● **Description of the task**:
Leave out the pictures and output the data verbatim.

● **Data excerpt**:
= Beginning of Section =

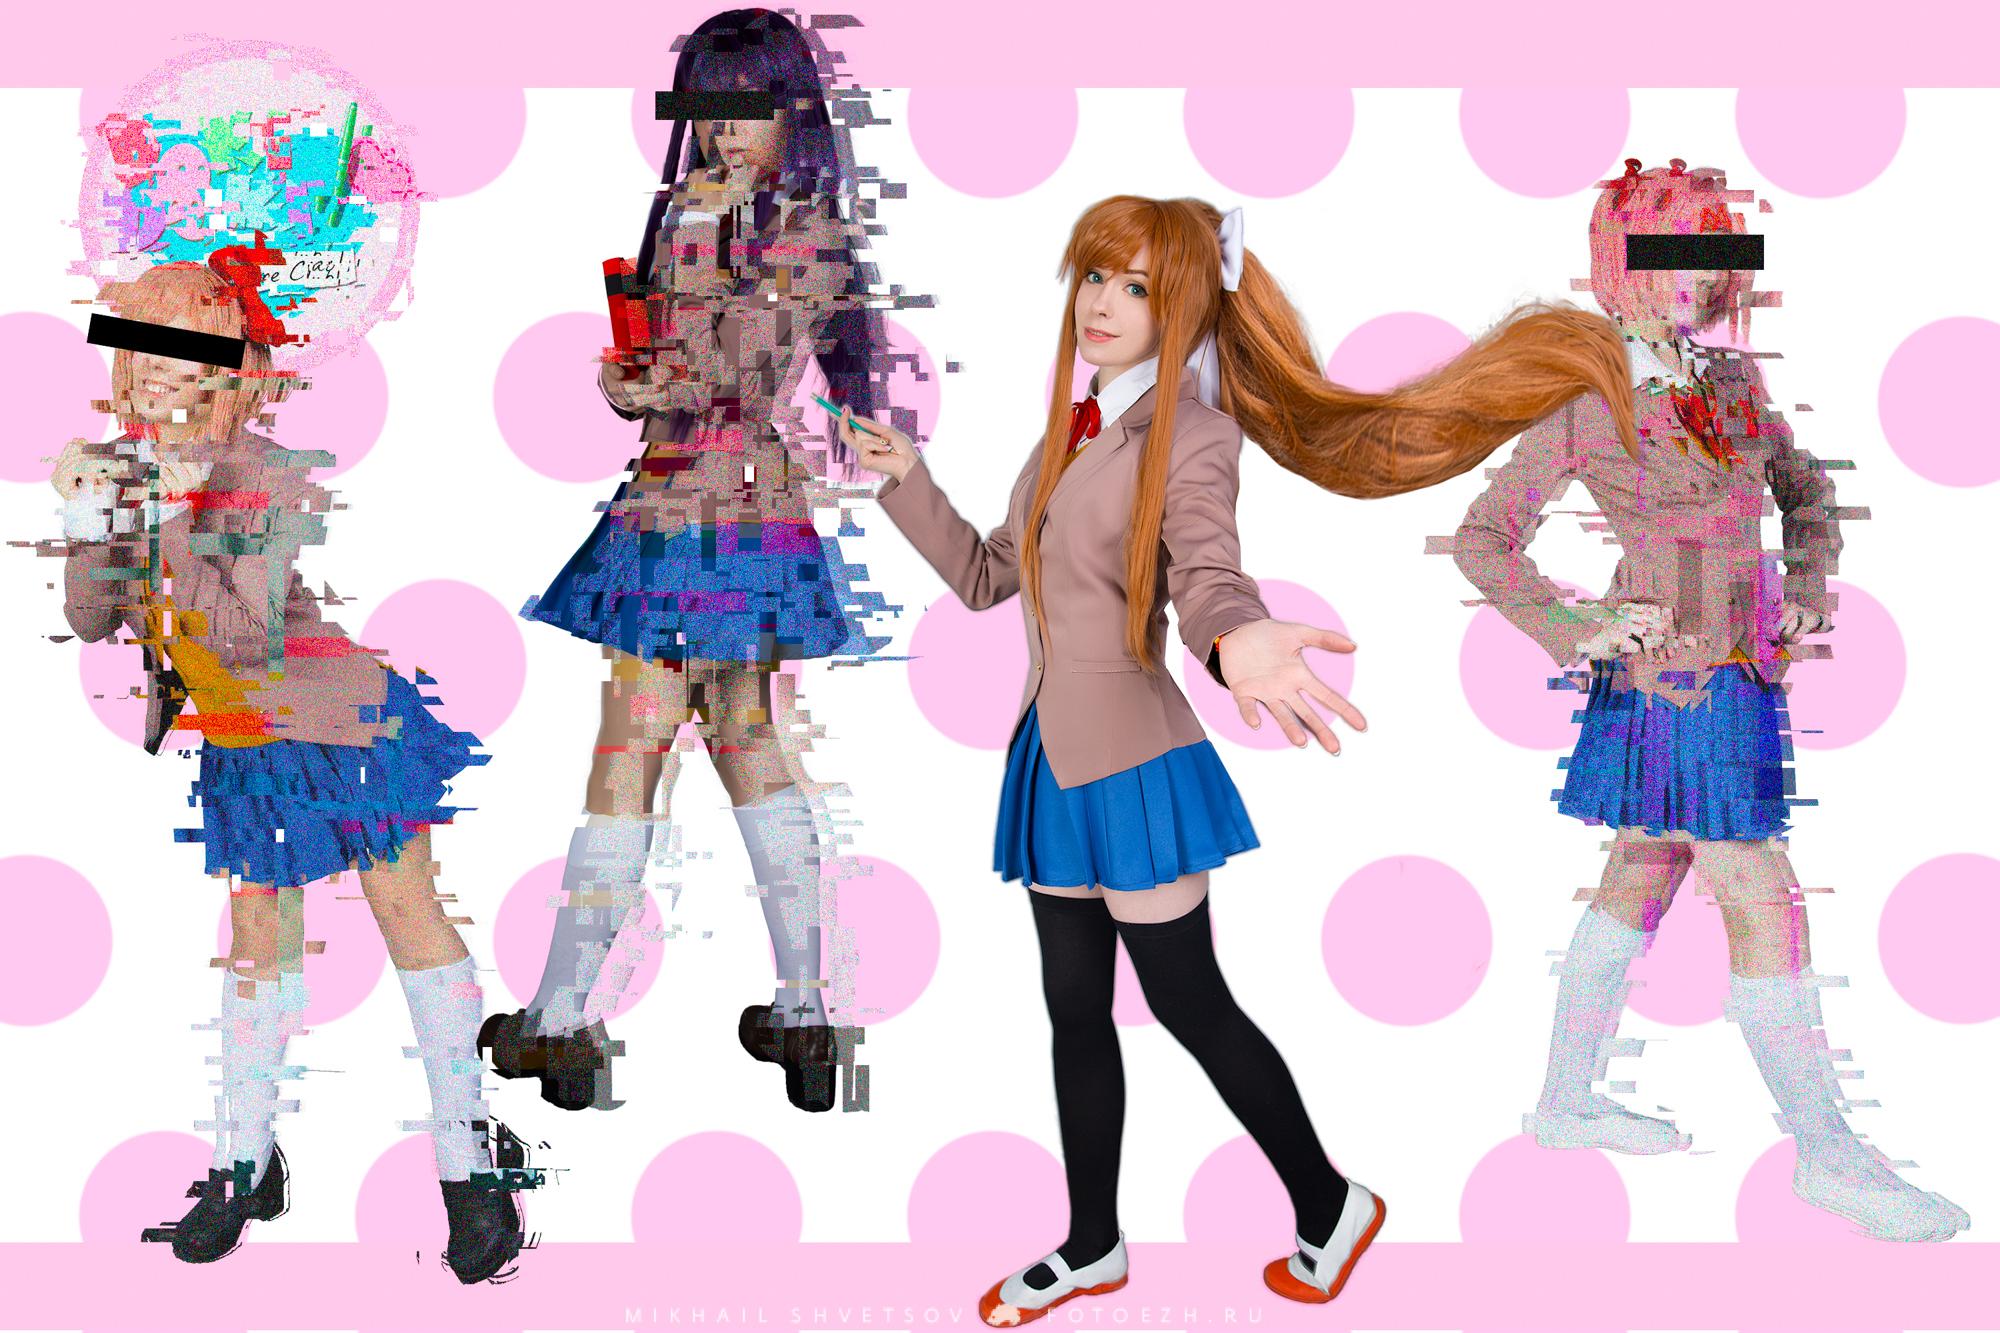 Yuri doki doki cosplay interesting. Tell
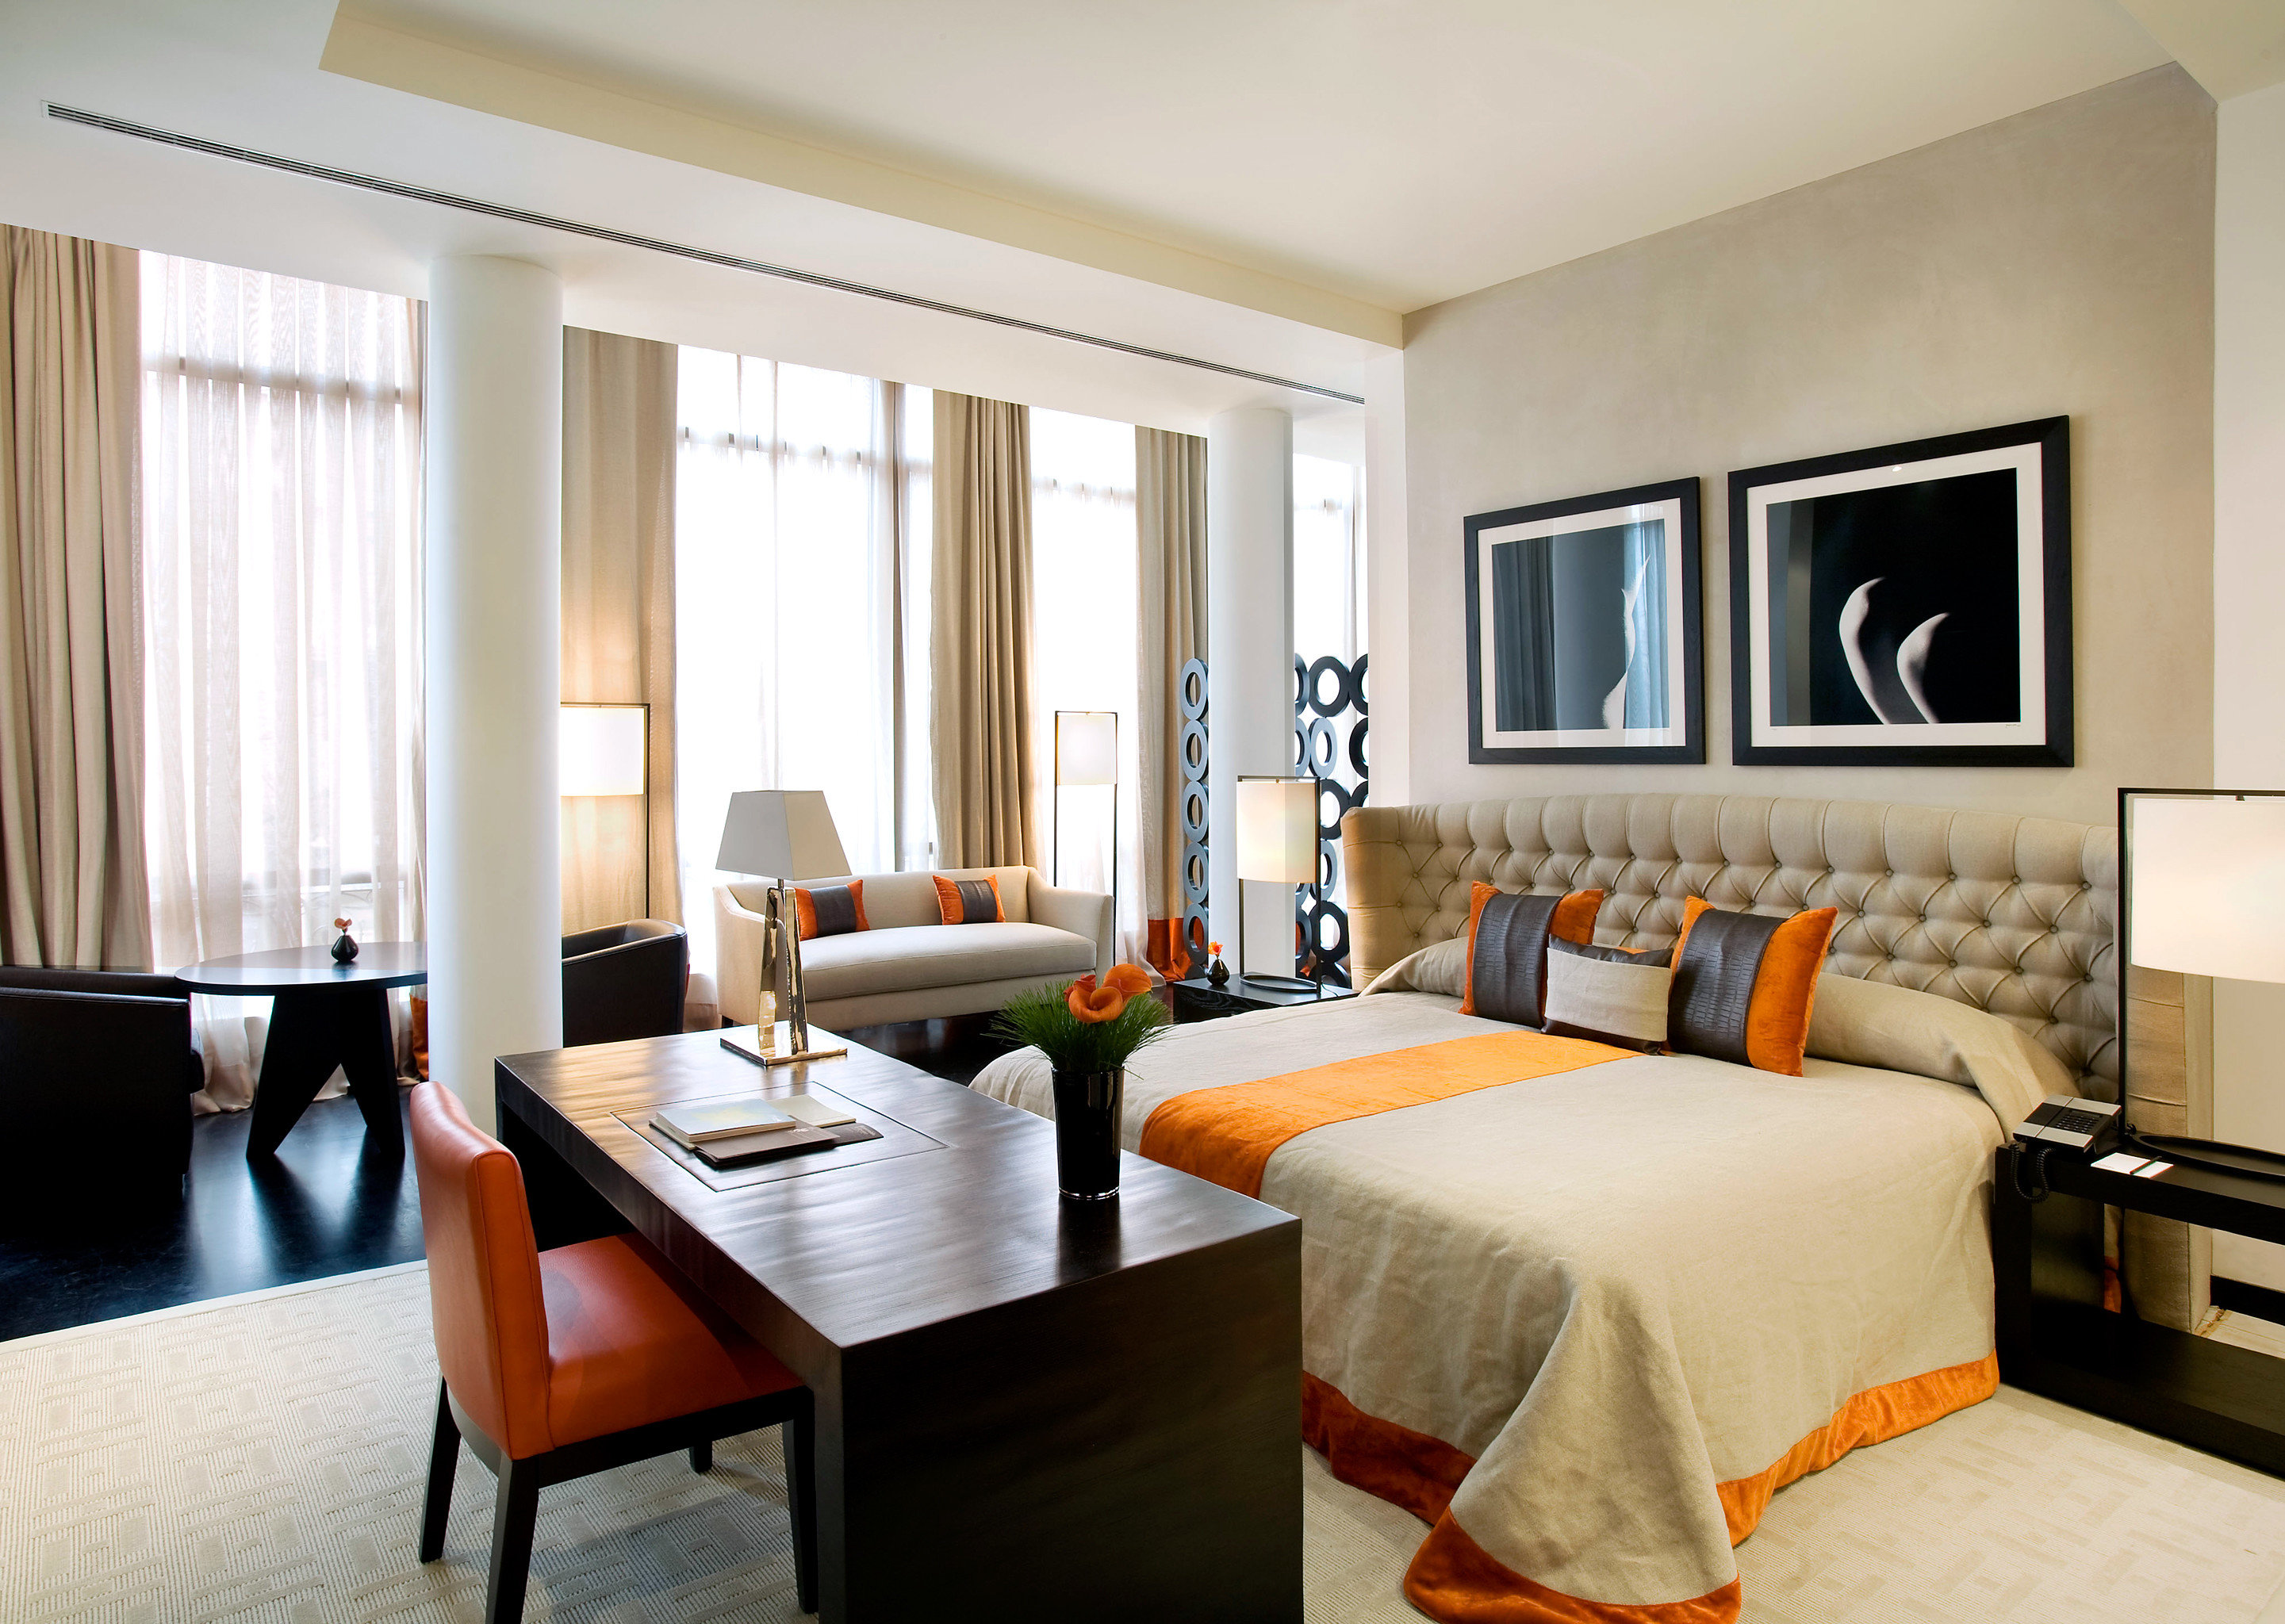 Bedroom Boutique Hotels Budget City Modern Suite Indoor Wall Floor Room Window Sofa Ceiling
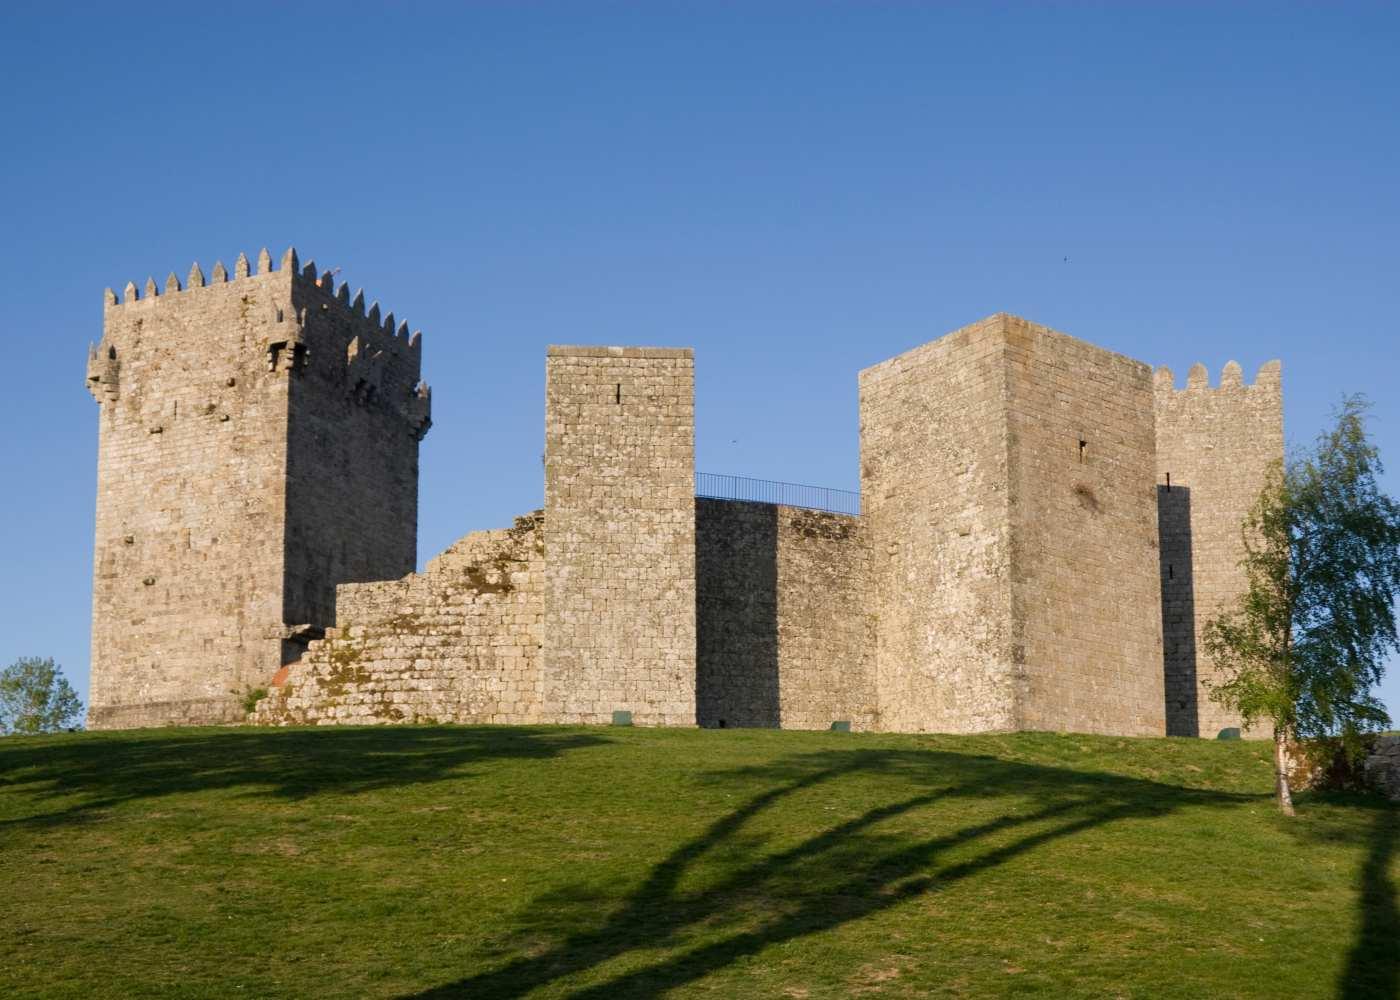 Vista do castelo de Montalegre

= End of Section =

● **Output**:
 Yuri doki doki cosplay interesting. Tell
 Bedroom Boutique Hotels Budget City Modern Suite Indoor Wall Floor Room Window Sofa Ceiling
 Vista do castelo de Montalegre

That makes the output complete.